Using BFS to create Crosstab queries

Part 1 | Part 2 | Parts 3 & 4 | Part 5 | Part 6

Challenge 7: Crosstabs everywhere

This is the final installment of the BFS zero-to-hero series, hope you enjoyed it! (And learned a bit, too.)

It’s based on an exercise I was given a very long time ago, which really opened my mind to the power of abstractions.

In a nutshell: you’re going to implement a flexible engine for generating SQL queries to get data for crosstab statistics.

Say what? OK, let’s break that down…

What’s a crosstab, anyway?

Imagine you’re a software engineer at InspireNote Inc.; among other things, you’re intimately familiar with the following tables in the database:

Customer:

CustomerID Name
5312 J. S. Bach
5313 Edvard Grieg

Product:

ProductID Name
479 Norwegian landscape vibes
480 Polyphony4Ever

Orders:

OrderID DateTime CustomerID ProductID Amount
101 1685-03-21 5312 480 12
102 1874-08-31 5313 479 1
157 1704-11-14 5312 480 48

One day your manager, wanting to better understand the company’s customers, asks you to create the following view:

↓ Customer / Product → Norwegian landscape vibes Polyphony4Ever
J. S. Bach 0 1,128
Edvard Grieg 140 0

“No worries”, you utter, and already the necessary SQL springs to your mind:

SELECT      Customer.Name, Product.Name, SUM(Orders.Amount)
FROM        Customer
            JOIN Orders ON Customer.CustomerID = Orders.CustomerID
            JOIN Product ON Product.ProductID = Orders.ProductID
GROUP BY    Customer.Name, Product.Name

A pivot quickly follows, sprinkle some UI, deploy, and wham! Your manager has her crosstab.
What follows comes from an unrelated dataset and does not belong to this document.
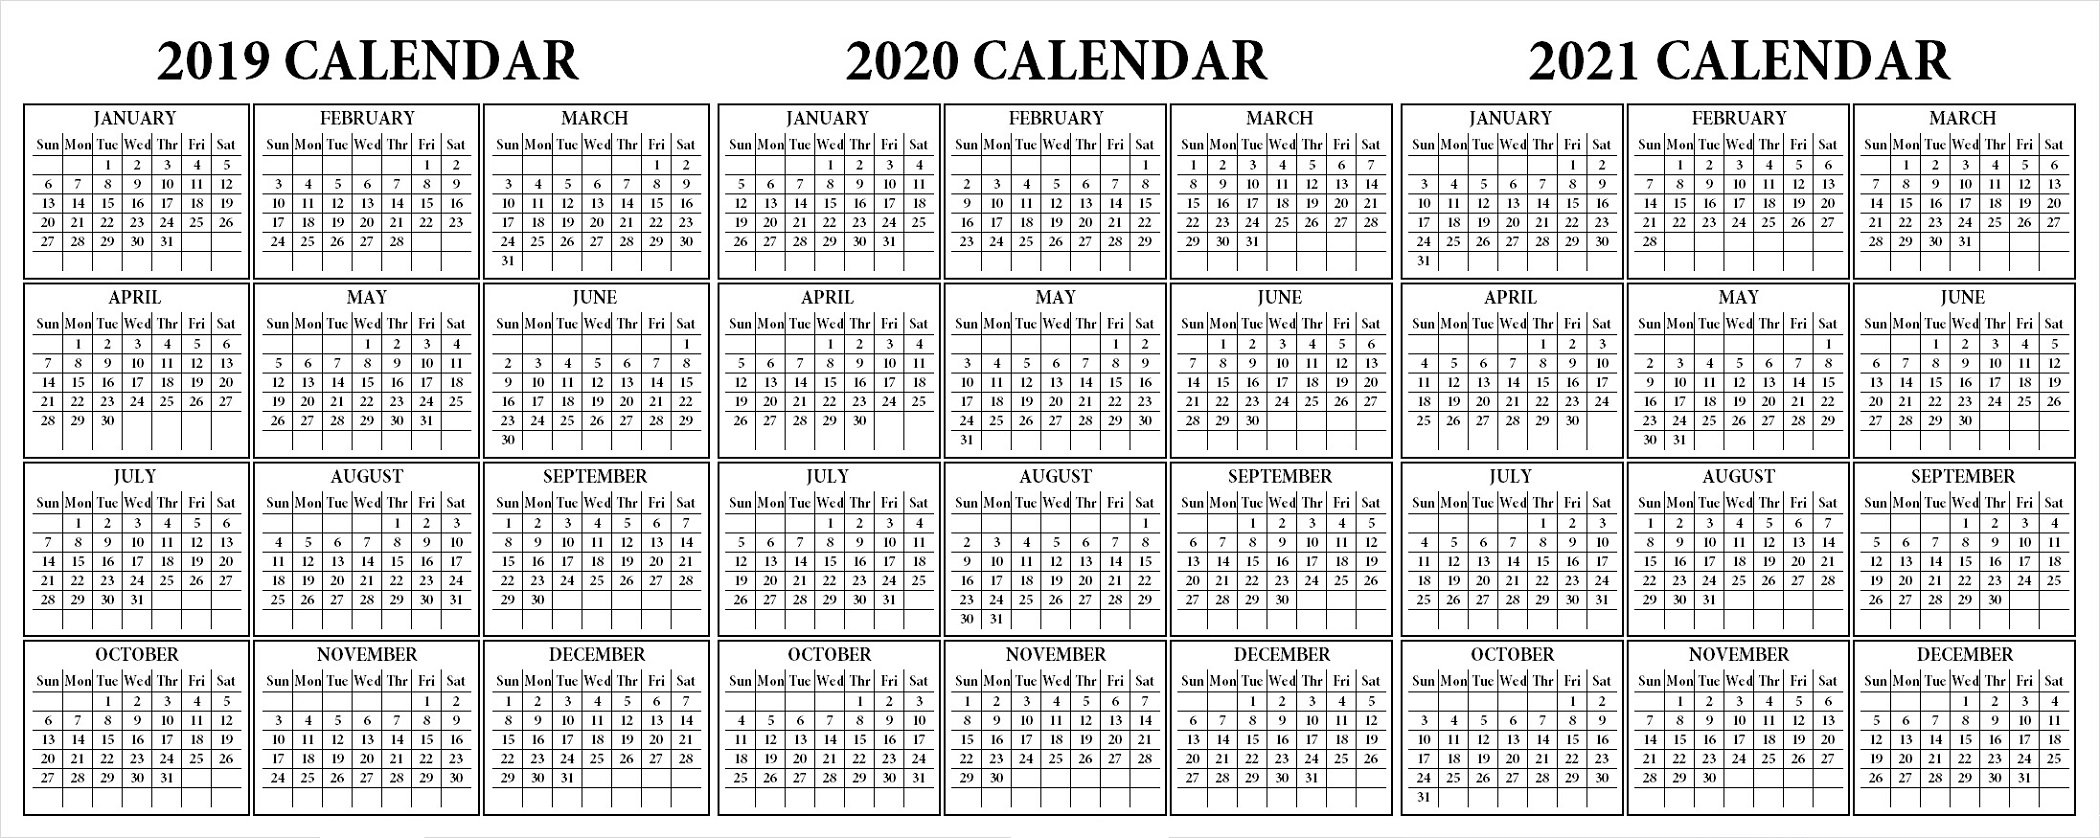 Three-Year Calendar 2019 2020 2021 - Calendar Inspiration Design throughout Three Year Calendar 2019 2021 2021 Calendar Pedia Image

The view is well-received – so much, in fact, that a week later your manager clears all your JIRA tickets, hangs an ERD poster of the company’s sprawling database next to your desk, and hands you the specs for 73 crosstab requests from various execs in the organization.

Other engineers would have been overwhelmed, perhaps. Not you; you won’t let a bit of work get in the way of being lazy.

The challenge

You need to write a function that, given a crosstab view specification (and with knowledge of the database schema), generates an SQL for querying the data to construct the requested crosstab.
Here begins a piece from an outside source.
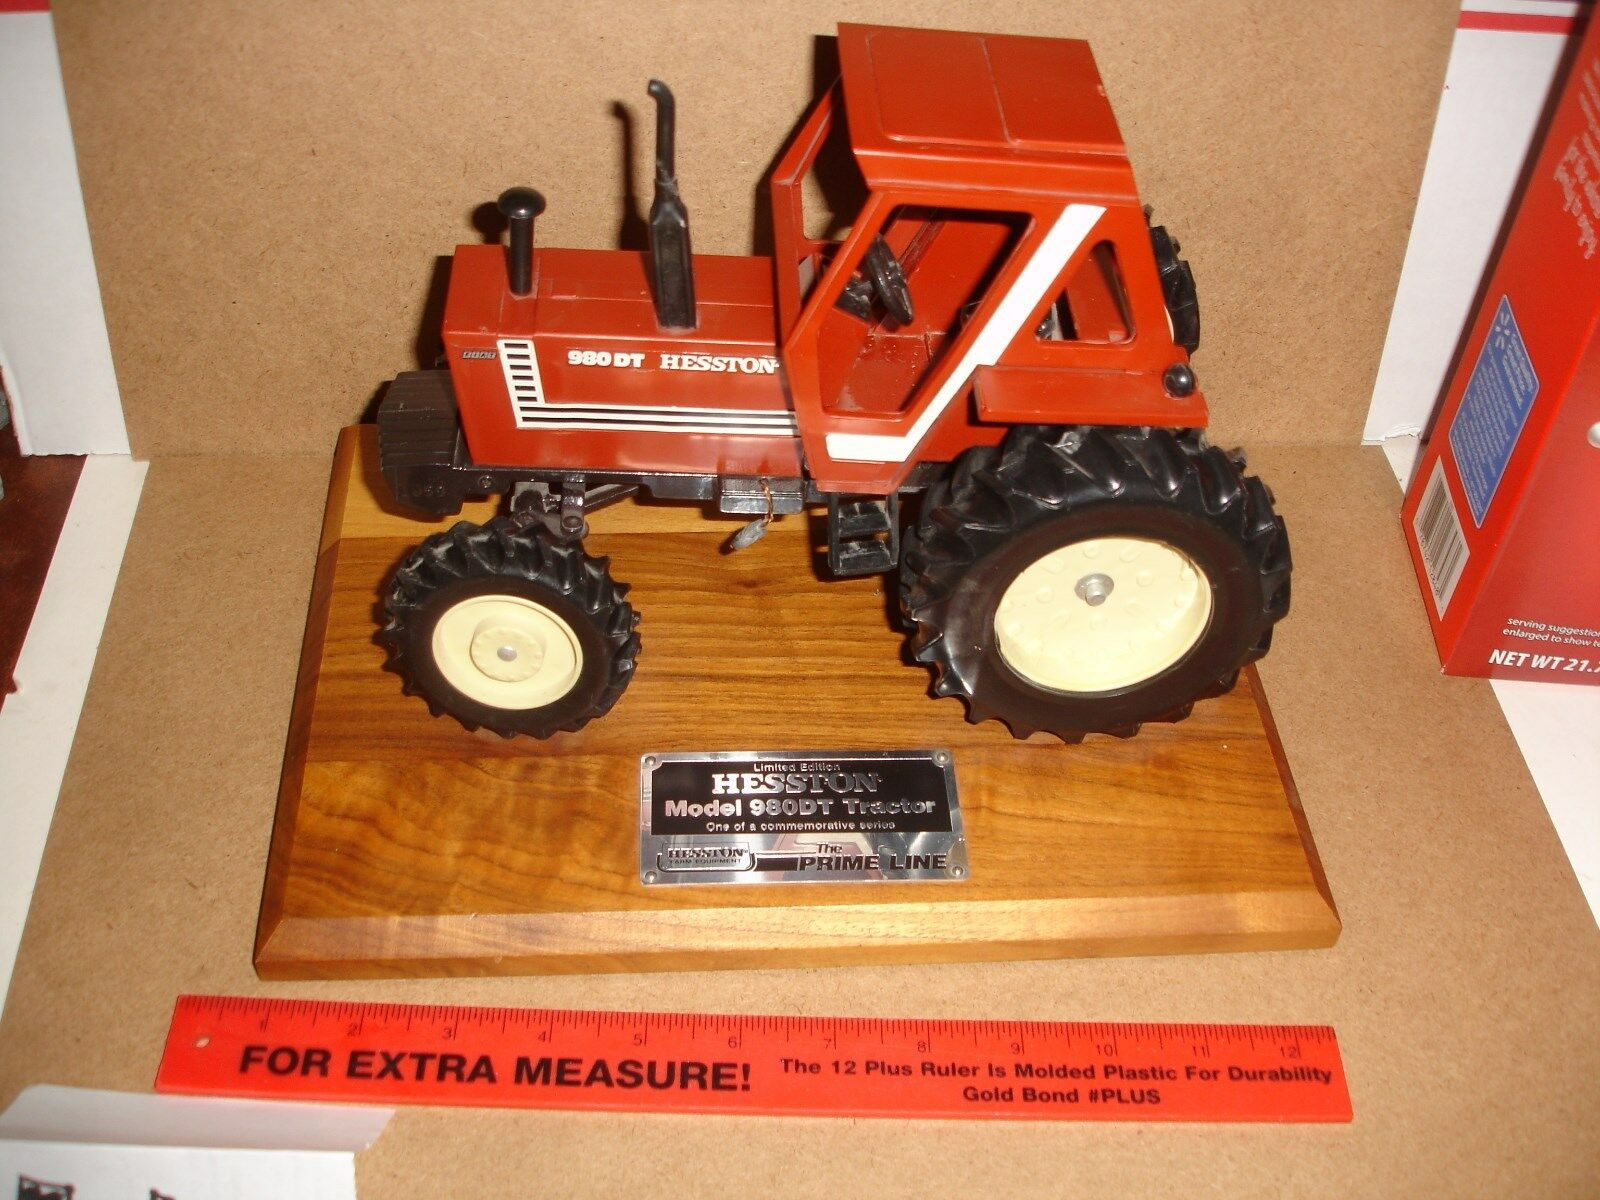 1 16 Heston 980 DT Tractor on trä Plaque

To do that, we observe that such queries have a common structure:

  • The SELECT clause contains the two category columns, and some aggregation of the value column
  • The FROM clause contains a chain of JOINs linking the two tables containing the category columns
  • GROUP BY the two category columns

The JOIN chain is where you’ll need BFS and the database schema.

The Chinook database

The challenge uses the Chinook toy database. Download the sqlite3 version and place it in the same directory as the challenge’s code. Here’s a reference ERD from the homepage:

Chinook database ERD

Go ahead and try the challenge. Good luck!